## What is needed
Could you please output all of the data exactly, without the images?

## Collected data

== Segment start ==

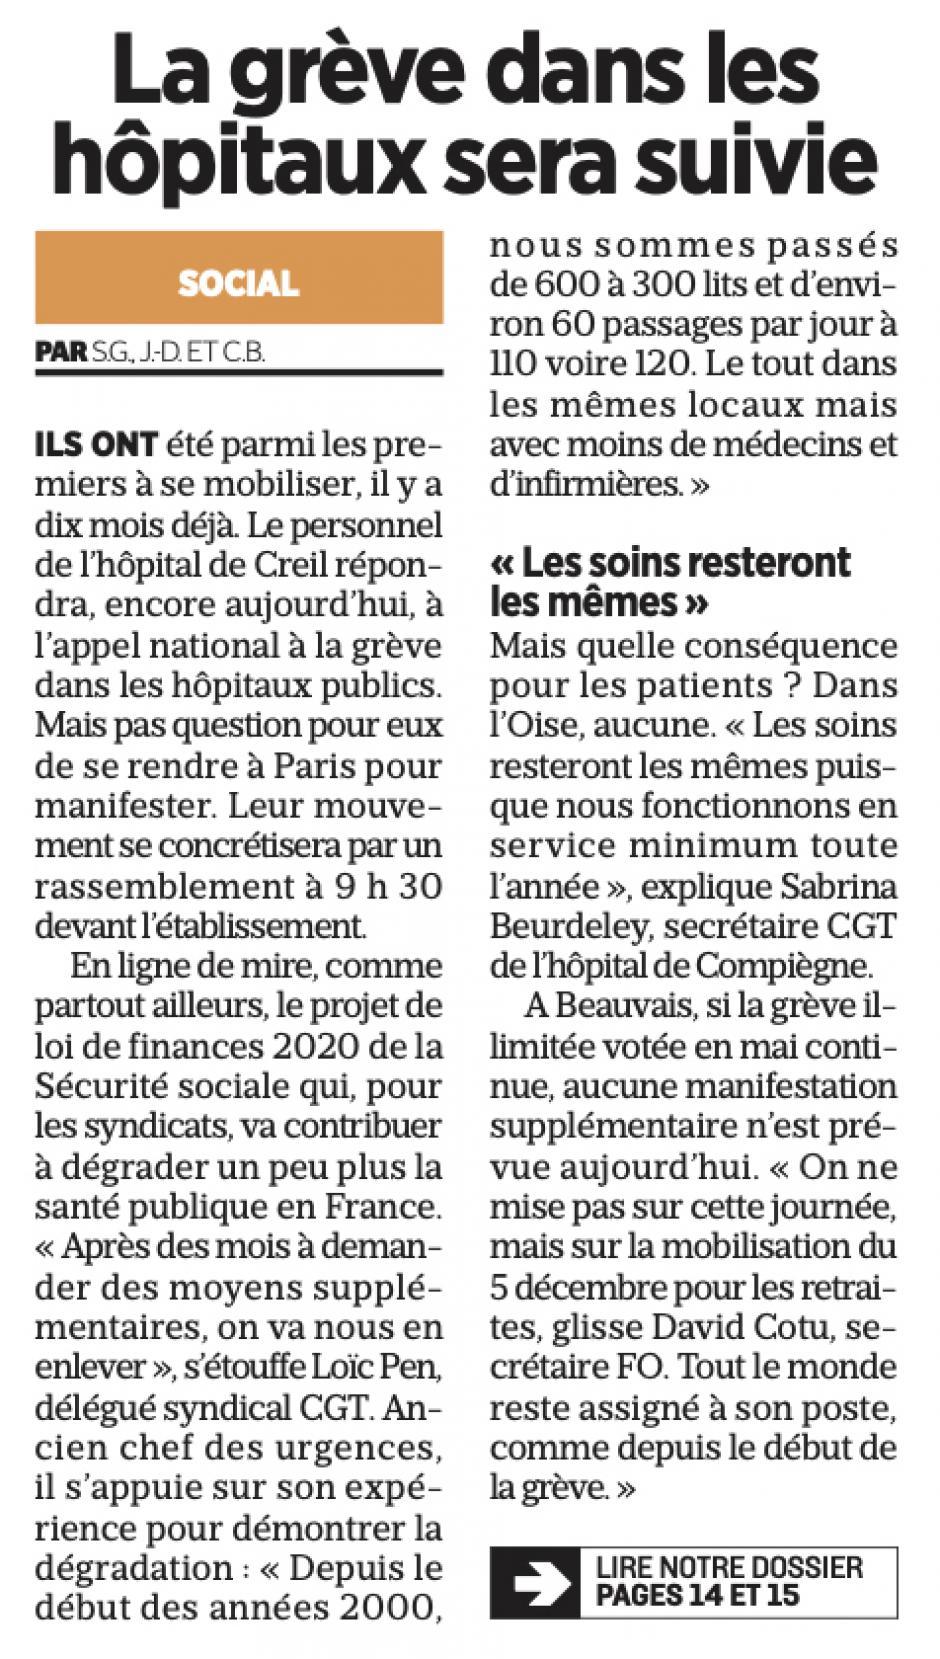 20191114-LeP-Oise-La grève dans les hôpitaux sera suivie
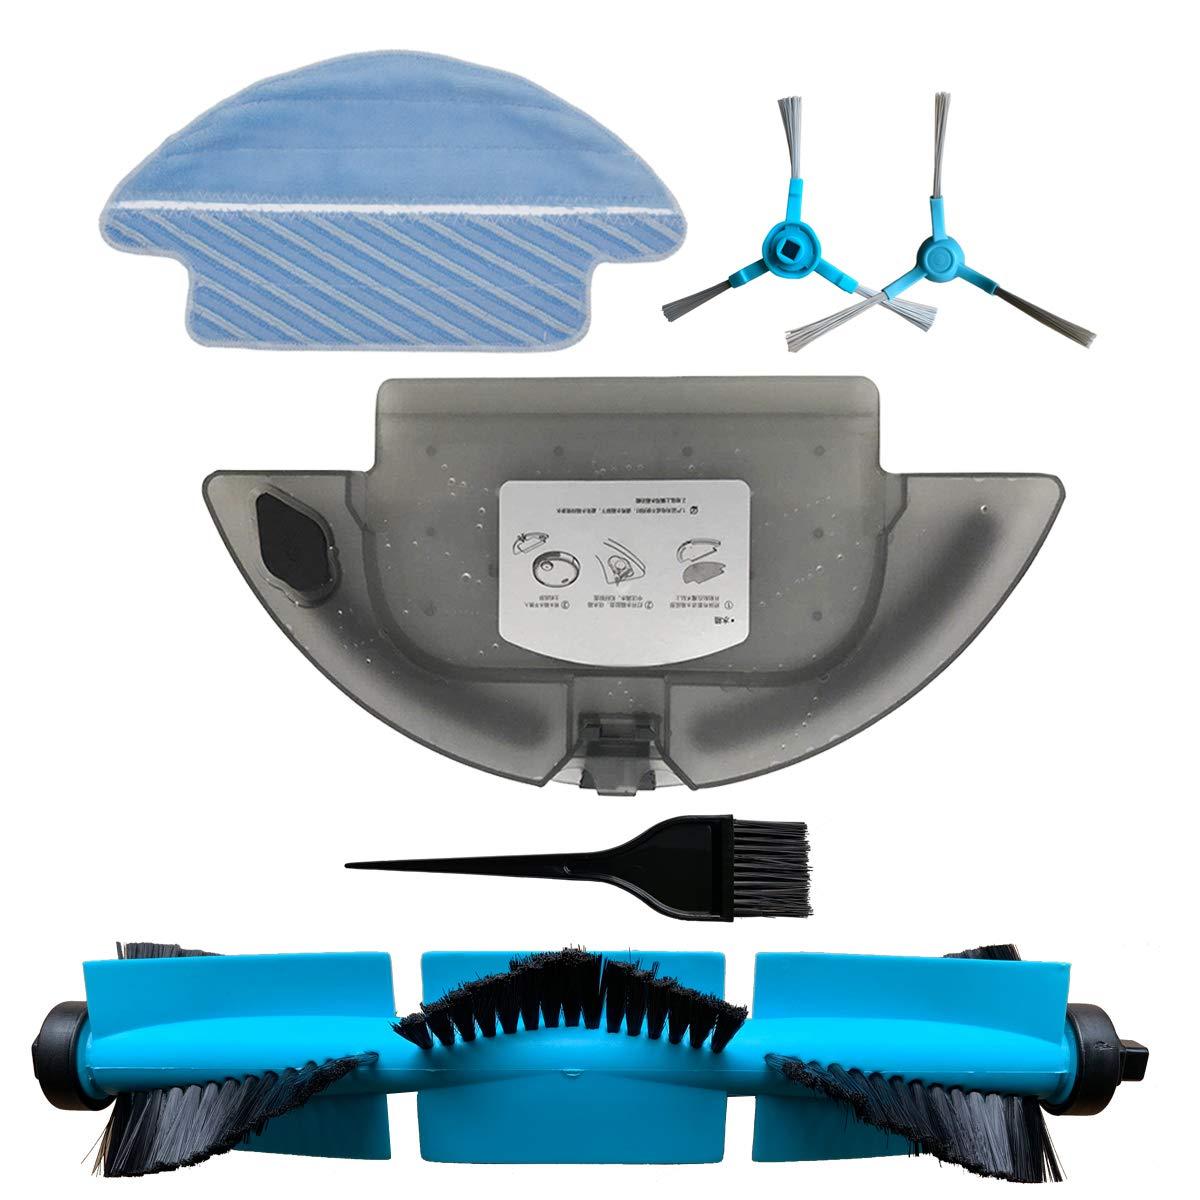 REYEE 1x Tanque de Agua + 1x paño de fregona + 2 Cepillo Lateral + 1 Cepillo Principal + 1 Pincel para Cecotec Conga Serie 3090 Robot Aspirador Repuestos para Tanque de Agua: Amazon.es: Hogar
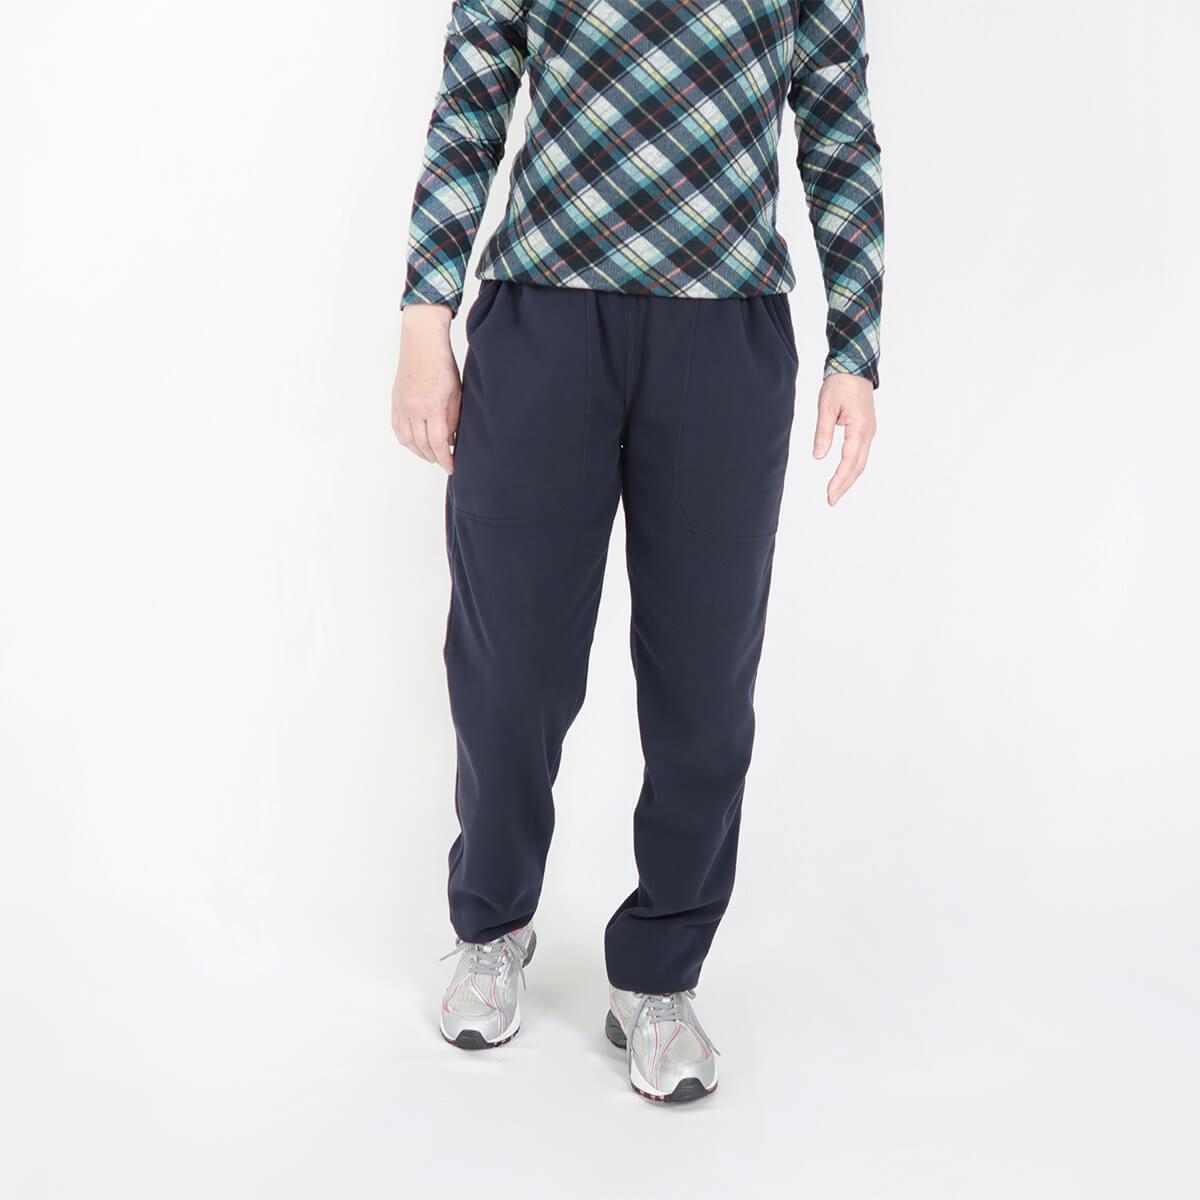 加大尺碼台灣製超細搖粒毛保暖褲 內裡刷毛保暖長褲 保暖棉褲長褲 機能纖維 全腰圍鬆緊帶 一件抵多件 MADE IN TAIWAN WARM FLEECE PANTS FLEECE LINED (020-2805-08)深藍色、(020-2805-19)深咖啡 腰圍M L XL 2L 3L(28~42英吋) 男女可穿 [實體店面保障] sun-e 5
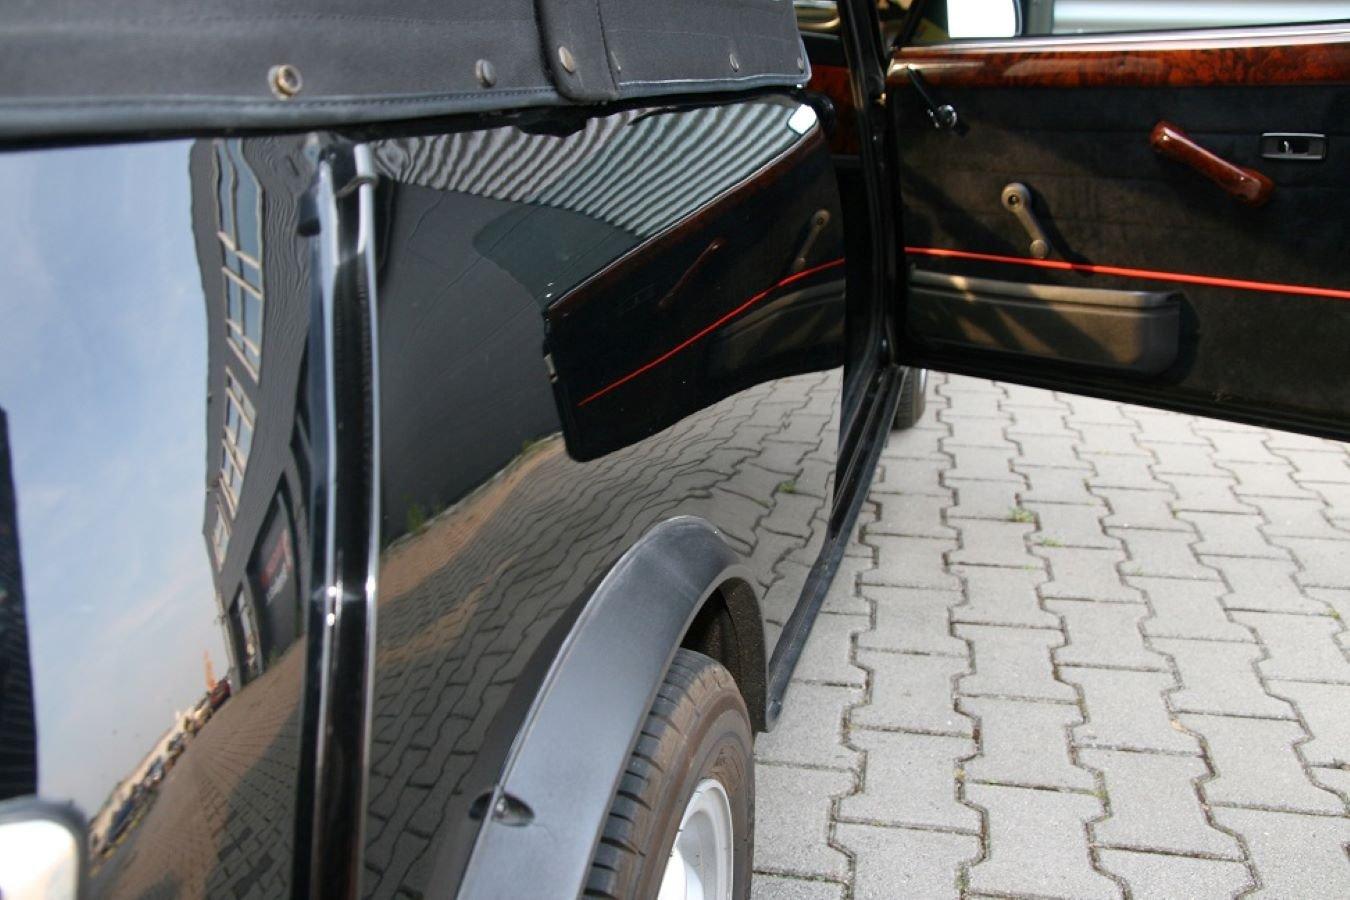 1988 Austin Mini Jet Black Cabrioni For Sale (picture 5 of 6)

== Segment end ==

## Expected answer
 20191114-LeP-Oise-La grève dans les hôpitaux sera suivie
 REYEE 1x Tanque de Agua + 1x paño de fregona + 2 Cepillo Lateral + 1 Cepillo Principal + 1 Pincel para Cecotec Conga Serie 3090 Robot Aspirador Repuestos para Tanque de Agua: Amazon.es: Hogar
 加大尺碼台灣製超細搖粒毛保暖褲 內裡刷毛保暖長褲 保暖棉褲長褲 機能纖維 全腰圍鬆緊帶 一件抵多件 MADE IN TAIWAN WARM FLEECE PANTS FLEECE LINED (020-2805-08)深藍色、(020-2805-19)深咖啡 腰圍M L XL 2L 3L(28~42英吋) 男女可穿 [實體店面保障] sun-e 5
 1988 Austin Mini Jet Black Cabrioni For Sale (picture 5 of 6)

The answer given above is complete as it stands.